Architectural definition

This addresses the architectural aspects of the tomography software developments for the EBS.

Here we introduce the most important terms and concepts used throughout the document.

Data definitions

  • Raw data: detector readings → raw images or photon counts per energy channel coming out of the detectors
  • Parameters : information about the experiment that is needed to process the data (e.g. rotation angle of a certain image, area detector pixel-size, etc)
  • Data : set formed by the union of "raw data" and "parameters"
  • Metadata : the information about the experiment that is NOT needed to process the data (e.g. temperature of the sample → processing not equal to analysis/interpretation)

Processing definitions

  • Tomographic data processing: transformation of the raw data (detector readings) into volumes, representing one or multiple properties of the irradiated sample. The processing is divided into three macro blocks: pre-processing, reconstruction, and post-processing.
  • Pre-processing : transformation of raw data in projection data. The nature of the preprocessing is very technique dependent. For example, raw data treatment and filtering, which includes: denoising, some techniques for ring artefact corrections, rotation center finding, sample drift correction, phase retrieval, extracting material phases from diffraction patterns, elemental fitting of fluorescence spectra, etc.
  • Reconstruction : tomographic inversion of the projection data. This can be performed using various algorithms, including Filtered Back-Projection (FBP) and algebraic techniques. This last group includes: Maximum Likelihood Expectation Maximisation (MLEM), Simultaneous Iterative Reconstruction Technique (SIRT), Fast Iterative Shrinkage-Thresholding Algorithm (FISTA), and advanced solvers like Chambolle-Pock (CP), and Douglas-Ratchford (DR). Advanced iterative reconstruction algorithms (generic solvers) allow the use of various data fitting terms (modelling of the detection noise), and the addition of constraints to the reconstruction problem. The said constraints enforce prior knowledge about the reconstruction morphology. More recently, machine-learning (ML) based techniques have been gaining a lot of traction, and shown to be able to deliver significant improvements over previous approaches.
  • Post-processing : transformation of the final volumes, that can include two types of operations: filtering and volume manipulation. The former includes standard artefact removal techniques (e.g. ring artefact corrections), and novel methods based on ML. The latter includes: binning, cropping, rotation, stitching, and data-format conversion.
  • Regularization : while the exact definition is rather broad, we will refer here to it as the techniques and algorithms used to extract the desired information from the data. In particular, it gains importance when the data is incomplete or is affected by high levels of noise. ML and prior knowledge constraints are examples of technologies belonging to this field.

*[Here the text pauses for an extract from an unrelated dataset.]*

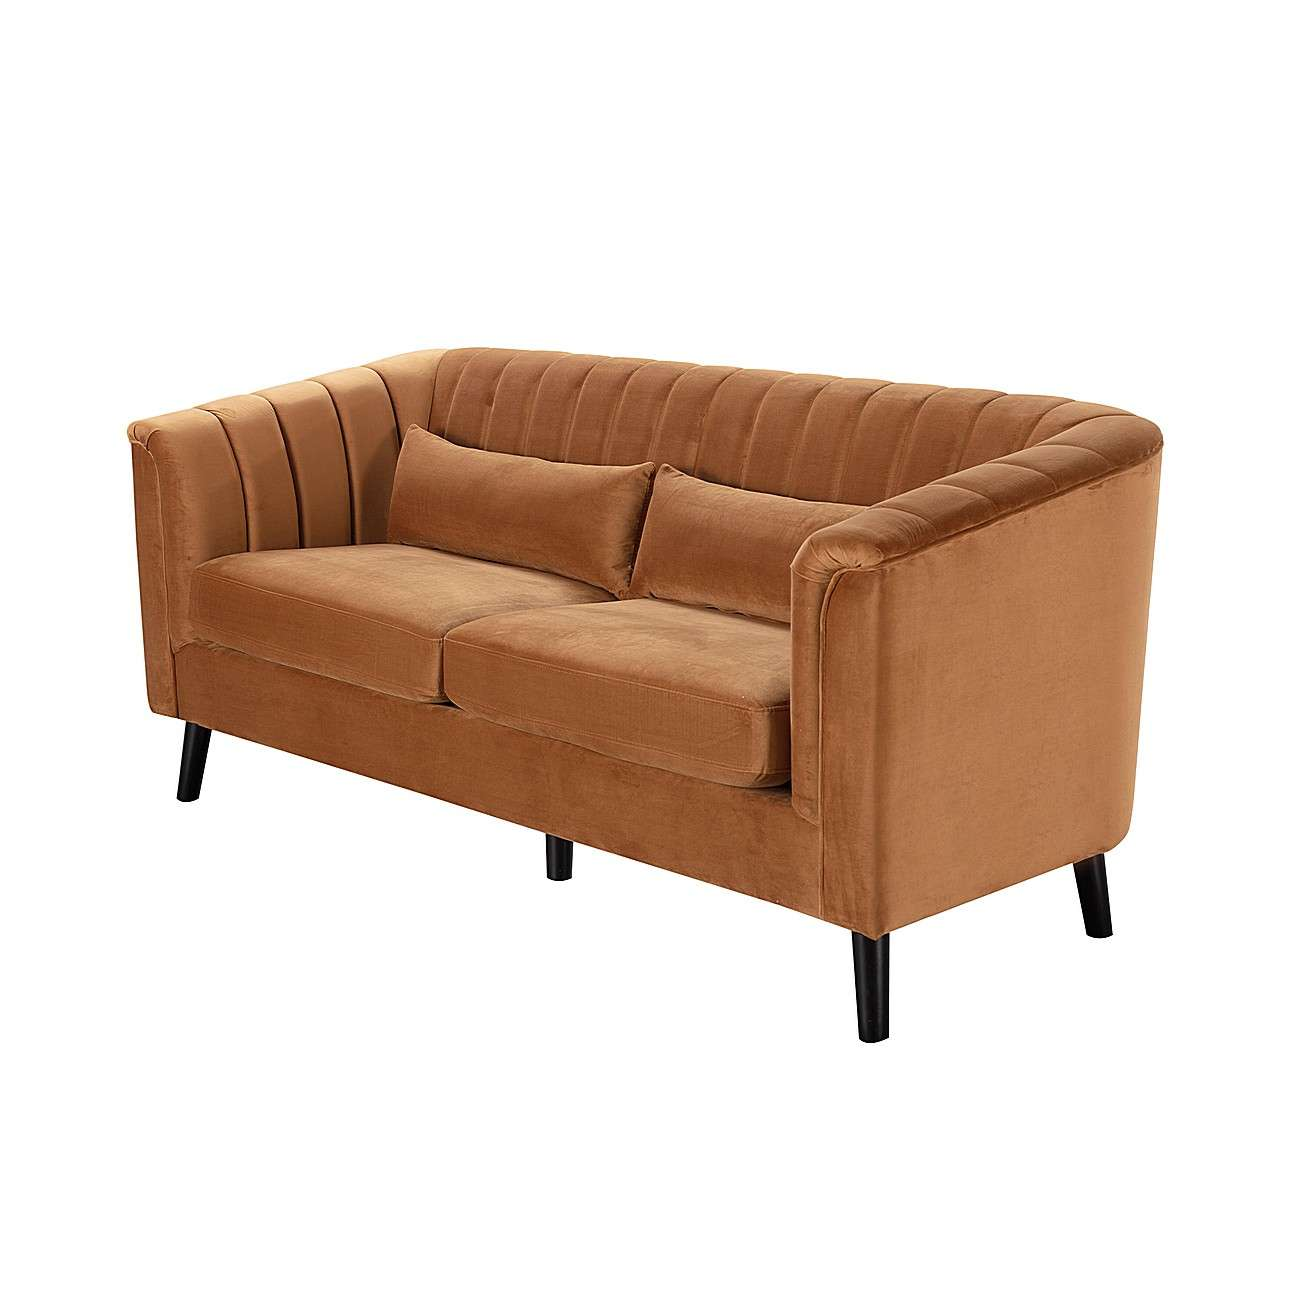 Sofa Meriva camel 3-Sitzer

Figure 1 summarizes all the main actors and aspects in the tomographic data processing.

Processing-general-pipeline
Fig.1. General scheme of tomographic data processing. The most important aspects, including the influence of the imaging contrast, or the role of regularization across different parts of the processing pipeline.

Technical definitions

  • Pipeline or workflow: definition of successive processing operations that turn raw data into reconstructed and filtered volumes. Each experimental technique requires a different pipeline. A software like TomWer (Tomography Workflows for ESRF) allows to define a pipeline, from building blocks. The same could be achieved with simple custom made scripts.
  • Framework : a suite of essential building blocks, which can be assembled to create a pipeline.
  • Workload distribution : act of distributing the workload of a certain processing block to a group of node or local resources (e.g. CPU cores or GPUs)
  • Stateful as opposed to stateless computation: the former indicates processing blocks that are aware of the processing context, while the latter "blindly" operates on the data. In a stateful computation paradigm, it is both possible to pass around processing contexts, and to keep track of the work done. This results in the ability to more efficiently use (and re-use) resources, and to allow resuming computation on interruption.
  • Waterfall development (WD): most common development practice that supposes a somewhat long period of incubation. During the incubation period, the developers research the topic, implement the code using stable interfaces, and test it, with extensive documentation. WD works well for long projects in established software companies that do not experience much competition in their product space, or for projects that outright privilege quality over features. WD is not appropriate for the development of cutting edge features in a much more dynamic and featurecompetitive environment. Notable software examples of WD use cases are: healthcare management software, operating systems, office suites, etc.
  • Agile development (AD): opposed to WD, it supposes a shorter release and development cycle (normally between 4 and 6 weeks), with a larger number of (smaller) iterations on the same development task. This allows to have better feedback from users/customers (and fine-tune the software for them) before stabilization, and the newest features available from an early stage. AD development is suitable for quickly evolving fields or feature-competitive environments. Notable software examples of AD use cases are: video players, browsers, social media apps, etc.